OCD can be a blessing and a curse.  My talent for alphabetizing is truly neat and I catch little mistakes that probably wouldn’t make a difference in the grand scheme of things, but in my line of work these two things do come in handy.  Catching the little mistakes more so, but if I do ever decide to pursue the “woulda, coulda, shoulda” path and become a librarian, both will be truly purposeful.  I am glad that my boss really appreciates my ability to catch most errors (not all, I’m not perfect).  When I do miss one, I actually question myself-how could I have missed that? It was so obvious!

It’s a curse when you live with the three stooges who do not possess the same affection for order or organization.  But on my journey for self-improvement, I try to remember it is me stuck on this need.  It does get in the way at times because sometimes you simply cannot be ritualistic about order, which is my natural desire.  A place for everything and everything in its place.  I also like to keep to the schedule I set forth each day.  Obviously with two young boys, I’ve had to adapt.  I have a few new things I do that I can control and they help.

I get an everything bagel four days a week at work.  I don’t get the bagel on Friday because it’s early closing at the moment (so very nice) but also I prefer things in even numbers.  Messiest bagel out there, but I always check for poppy seeds after I finish and I’m mindful not to get seeds and such on my desk.  I put the cream cheese on it the same way each time and cut each half in half the same way.  It sets the day to a pleasant tone.  The nice ladies in the cafeteria set one aside for me now Monday through Thursday in case I can’t down till a little later in the morning.  I also found the bagel balances my blood sugar nicely throughout the day.

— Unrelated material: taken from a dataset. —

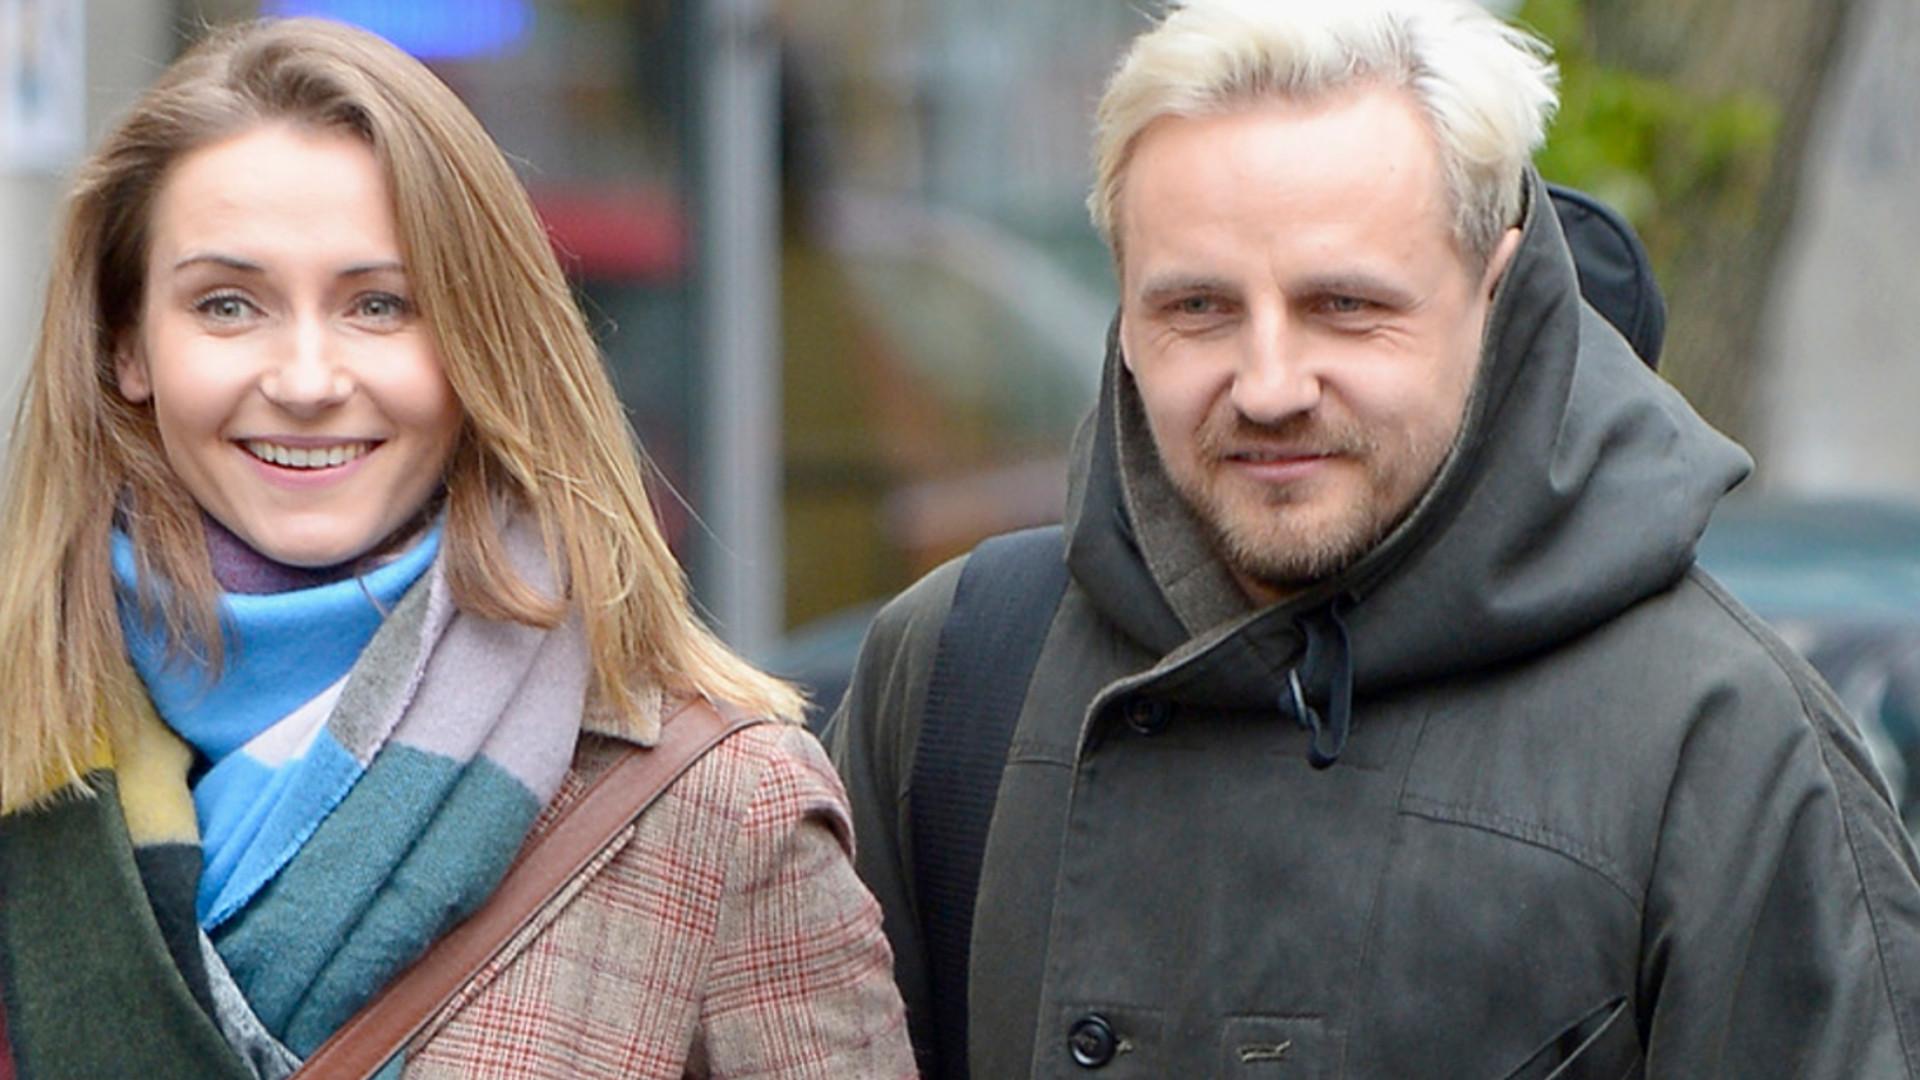 Paweł Domagała i Zuzanna Grabowska spodziewają się dziecka! Widać już BRZUSZEK?

I’m following a regular bedtime.  It’s really early for me…11:30…and it’s starting to feel like that’s late!  It helps me to let go at night.  I’m no longer staying up randomly trying to finish one more thing.  It’s helped with simplicity-setting simple goals for each day and accepting that they may not all be achieved.  It also helps me to enjoy my time after I get home from work more.  It relaxes me knowing that the day will in fact end and I’ll be able to rest.

Another ritual that has returned is reading Stephen King again before I go to sleep.  The old friends are nice to reconnect with and a reader always brings something new to the text, so many are like brand new stories.  I’ve also been reading at work.  It’s been a goal to read research articles and such and I’ve actually been doing it.  Today, my head was simply swimming with wonderful information, but I then had to follow it to some kind of end, which there wasn’t a neat and tidy ending to get to and this created frustration.

The newest obsession is developing my personal philosophy, theology, understanding of my place in this world, and the calling put out for me.  It’s stalled at the moment, or it feels stalled.  I’ve plateaued and I’m not sure where to go next.  I’m in the zone of proximal development and I need the More Knowledgeable Other to scaffold me to the next level (yes, my inner geek comes out!).  So I will read the good book and see what I can discover in the Word.  Then I will read Uncle Stevie and fall asleep around 11:30.  Compulsive rituals are not always a bad thing.

Something I have noticed as I tweak my use time from fungible to epochal (yeah, go look ’em like I had to) is that I share so much more with my family.  My youngest was out in the back yard the other day, using nothing but pure imagination.  It was one of the most beautiful things I have been blessed to watch.  He was talking away to the trees, the dirt, or himself.  I don’t know who he was talking to, but he was having a grand time.  It was pure childhood joy not being interrupted or interfered with.  In letting go of the human constructs of time, I saw these moments he was having in discovering himself within the world.

I am finally finding a balance and a positive way to use the OCD.  Like Bob in What About Bob?, it’s baby steps.  Baby steps every day.